One of the joys in fiction is learning new things. For many readers of historical fiction, learning new details -- even contrary to their own expectation -- is a lot of the fun.

So you can definitely use these elements, and expect them to count in your favor. To make that work, you need to make it clear that your details are deliberate, not mistakes. Don't let them feel "Ha, what a moron"; instead, you need to couch it as "Hey, let me explain this to you."

A good way to do that is to supply not only the detail, but also some background:


Don't just mention that some of the Persians are white-skinned -- use their own words for those people; say where they're from; note how skin color is or isn't a factor for them.
When you bring in higher-reaching architecture, mention who built it, what it's for, who can allow themselves these impressive buildings.
Don't just name-drop forks -- mention what table-manners and customs and utensils are in use in that place and time; offer an opinion on what is or isn't polite.

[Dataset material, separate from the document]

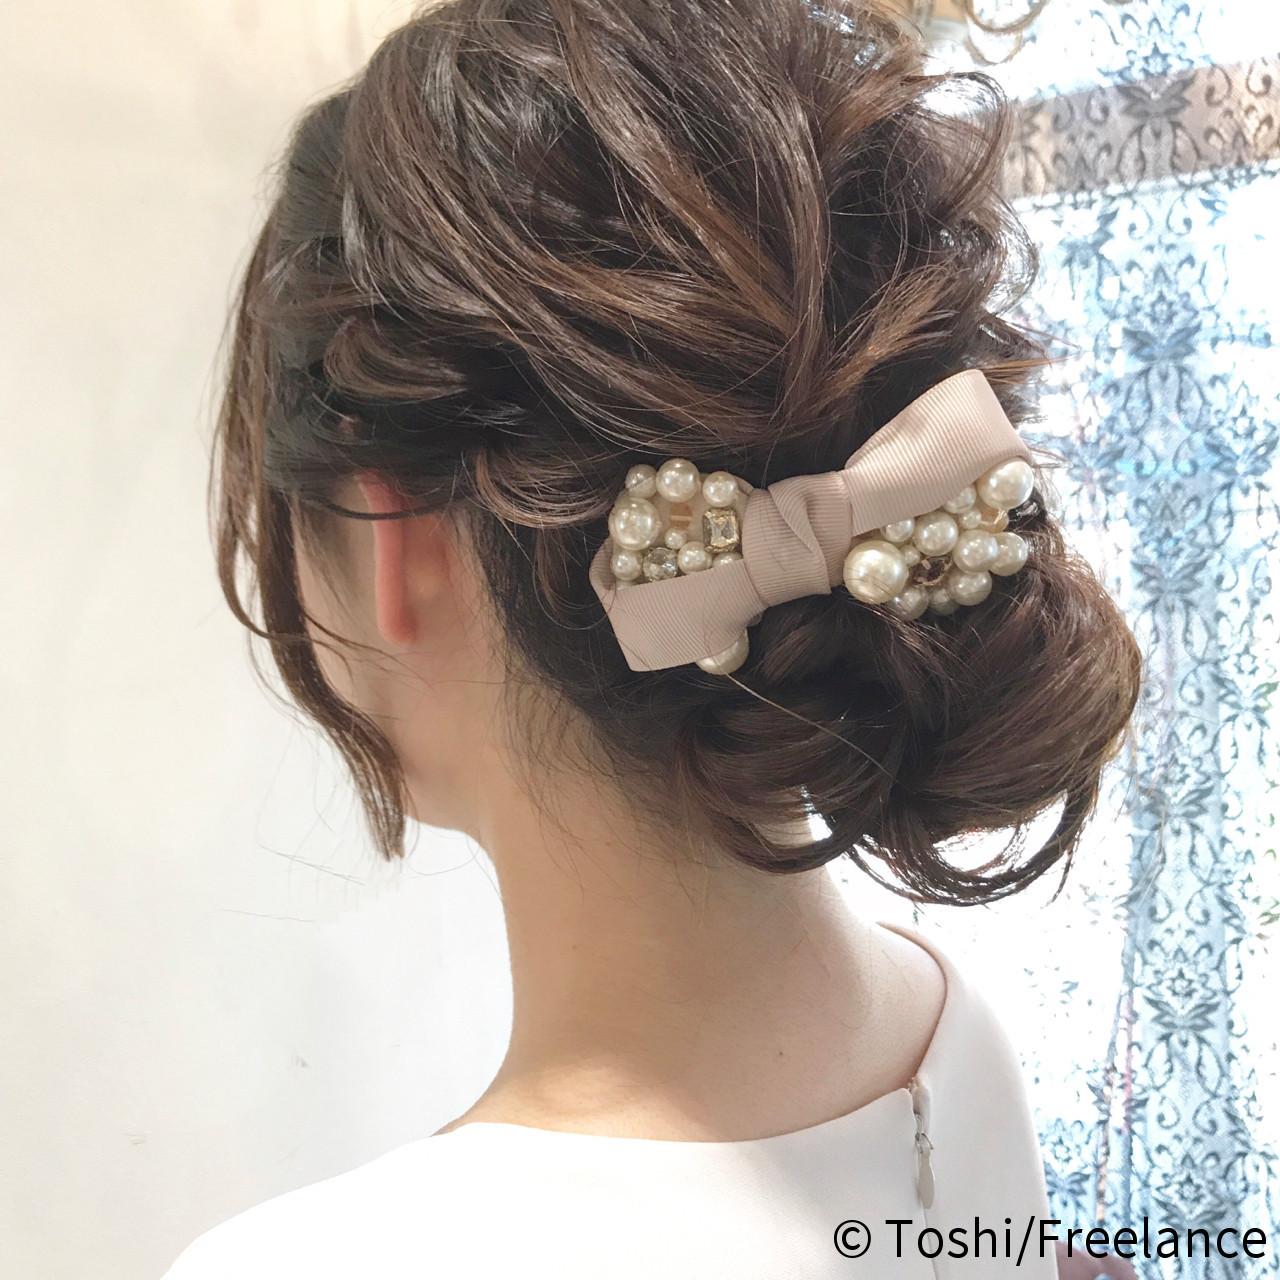 Toshi/Freelance
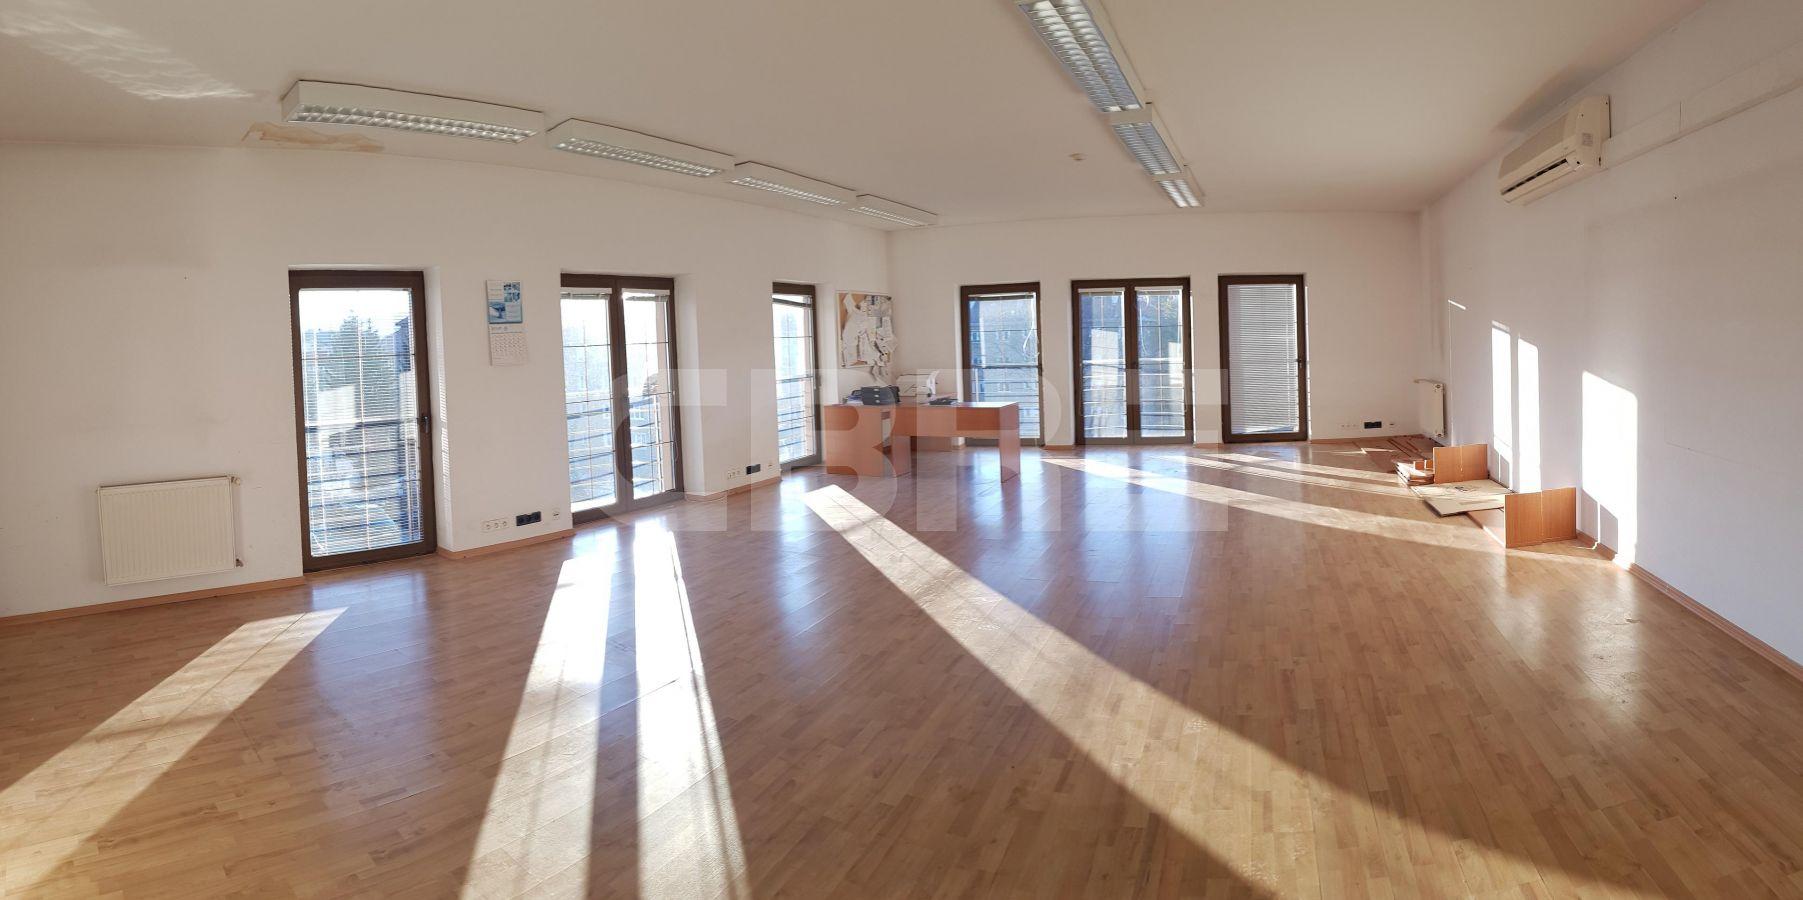 Kancelárie Dolná ulica, Banská Bystrica, Banská Bystrica | Offices for rent by CBRE | 2

If you're making a counter-claim against your reader's expectations, than adding the detail and context I'm describing makes your counter-claim stronger. It works on several levels.


Firstly, it signals to the reader: I have given this thought. This is not an absent-minded mistake. You avoid even the quick impression of having made an error.
Secondly, it helps tell the reader, "Listen, here's how this makes sense here; here's where it actually comes from." They can read that and go, hey, that actually does make sense. That can help them reorient themselves -- now that they realize this setting looks different than they expected, your description helps them understand better what how does look and operate.
And thirdly, it gives your counter-claim more substance that your readers can actually check -- they can look up the names and architecture and customs, even if it's just a quick Google to see if that's really a thing.


There are certainly other ways to weave these details in as well -- but this one seems to me the most straightforward, and an excellent place to start from.